_Try it_. Below is a listing. Write out exactly its lines between the one holding "Schönbuch designer console" and the one holding "фото Rdx перчатки", inclusive.

_Provided records_.
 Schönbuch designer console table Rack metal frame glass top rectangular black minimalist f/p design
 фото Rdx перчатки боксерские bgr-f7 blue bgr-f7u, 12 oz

* * *

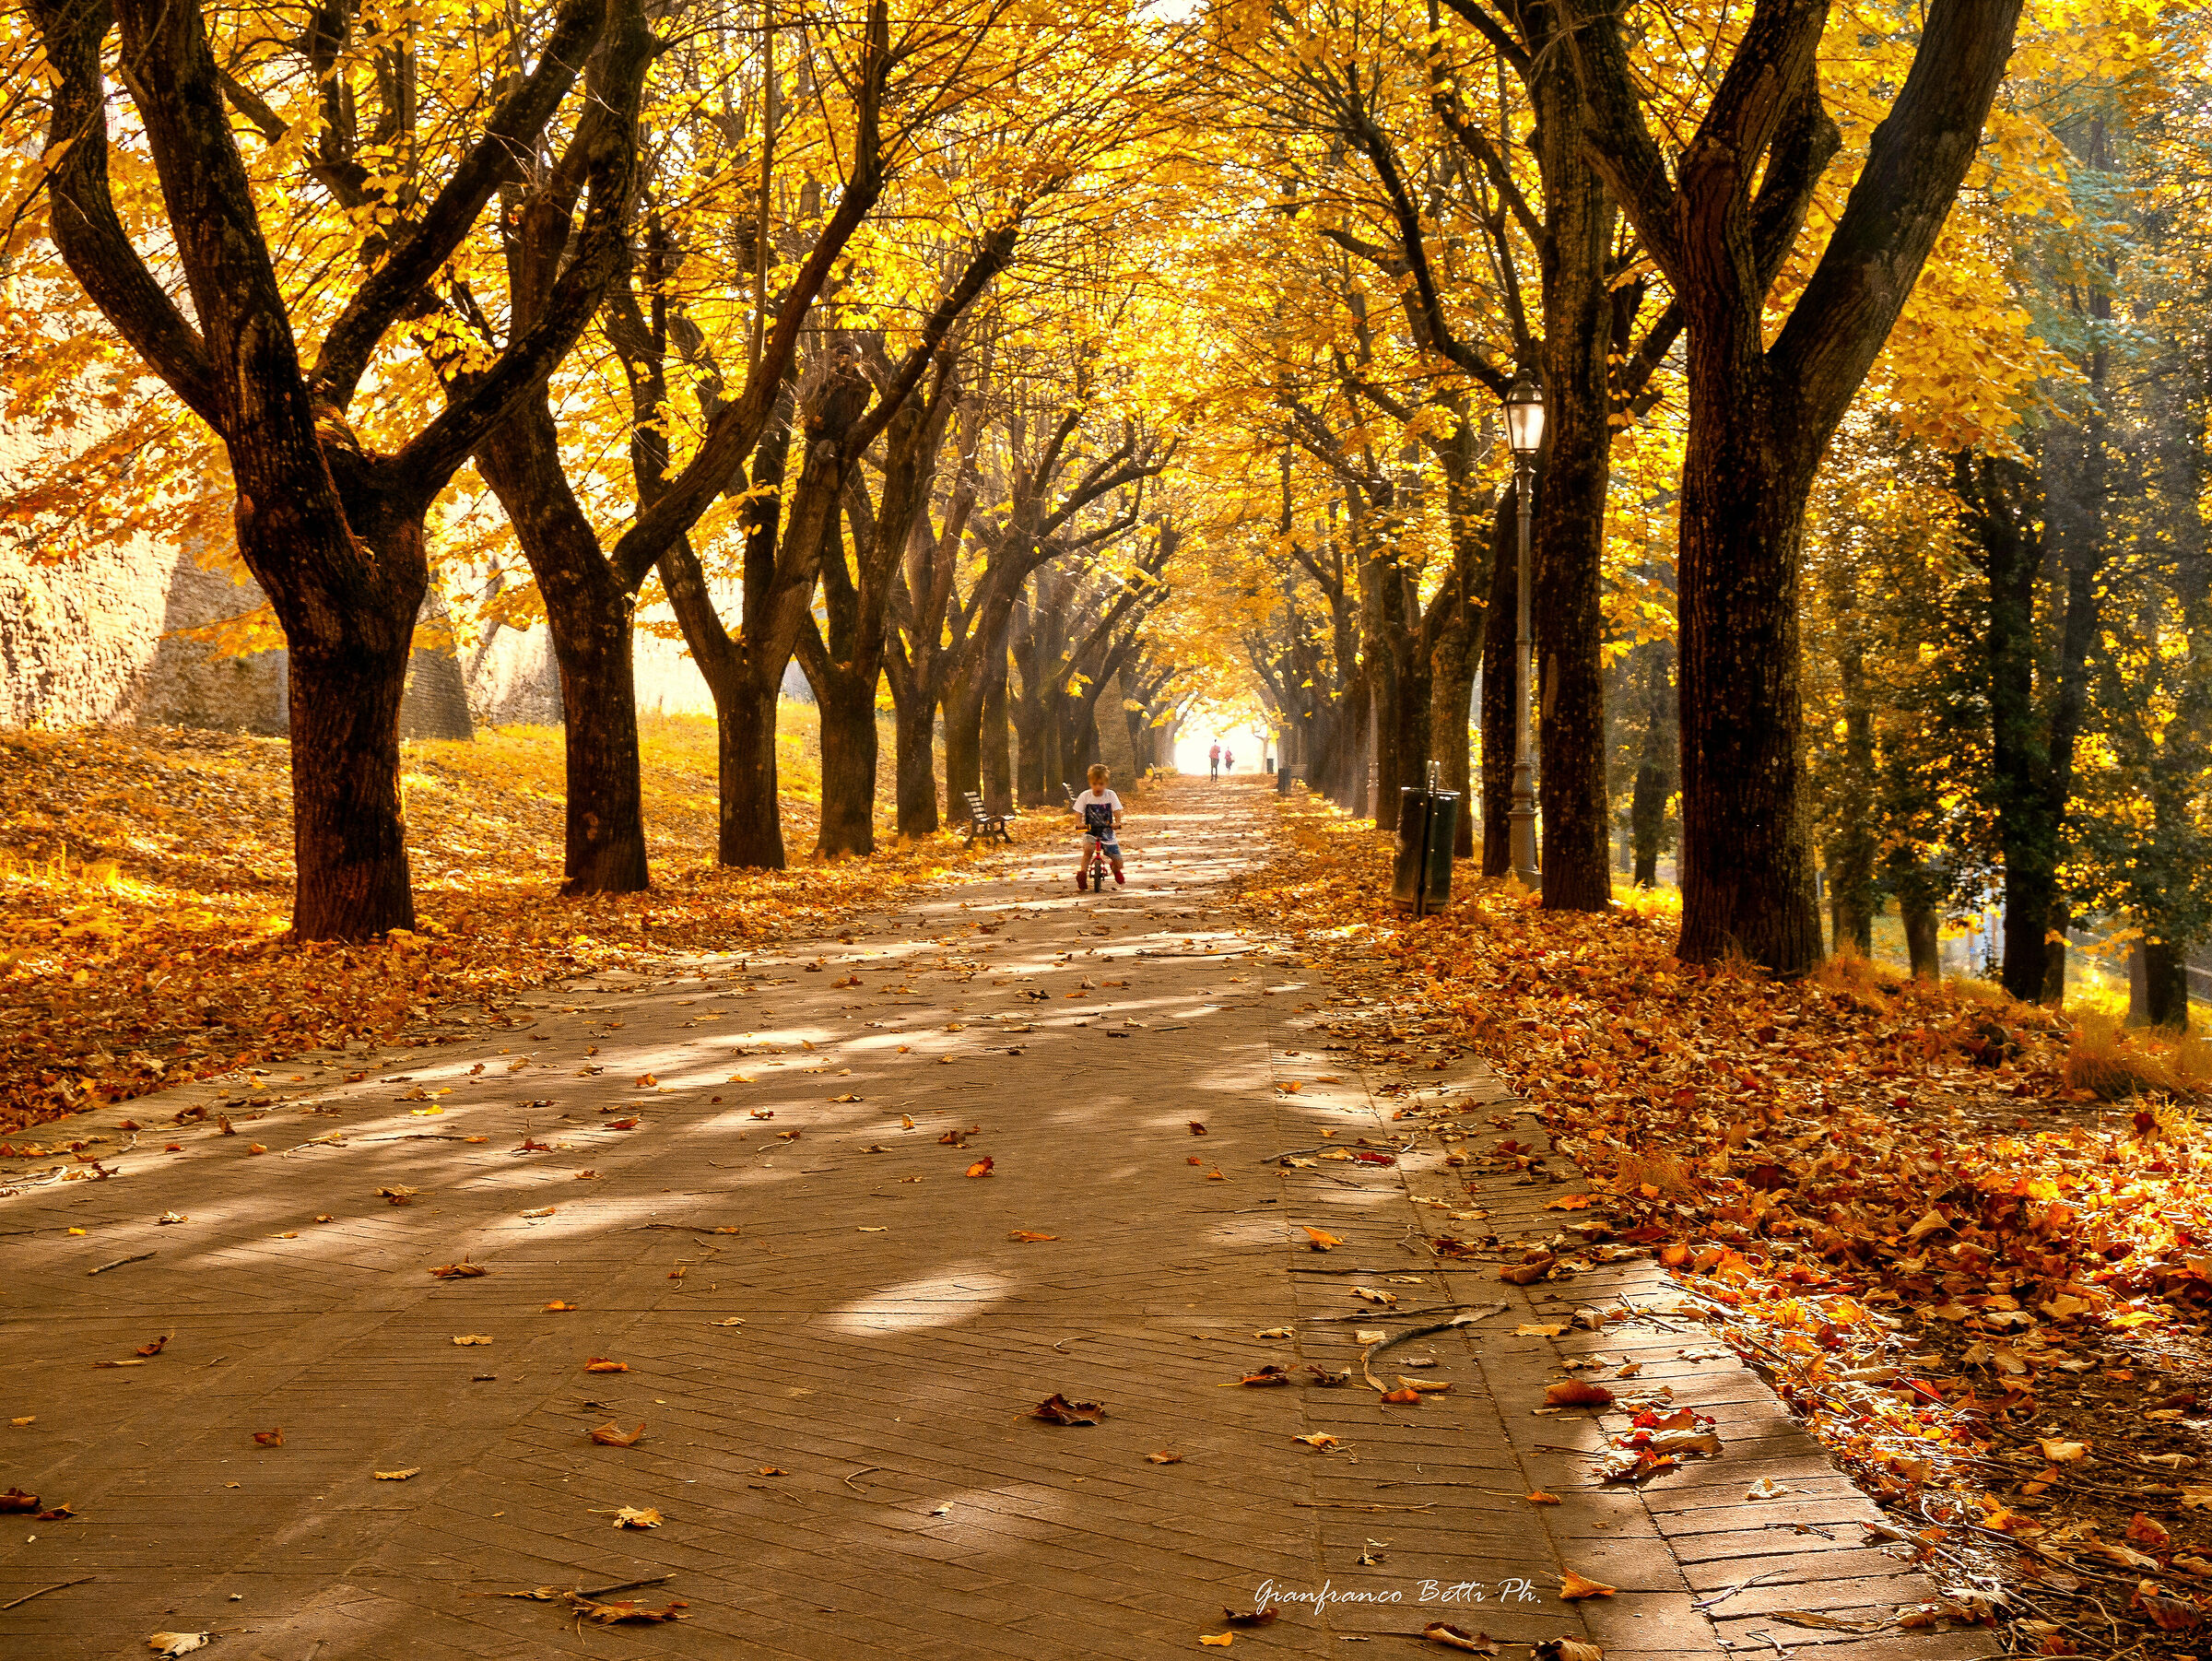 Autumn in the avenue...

_Response_.
 Schönbuch designer console table Rack metal frame glass top rectangular black minimalist f/p design
 фото Rdx перчатки боксерские bgr-f7 blue bgr-f7u, 12 oz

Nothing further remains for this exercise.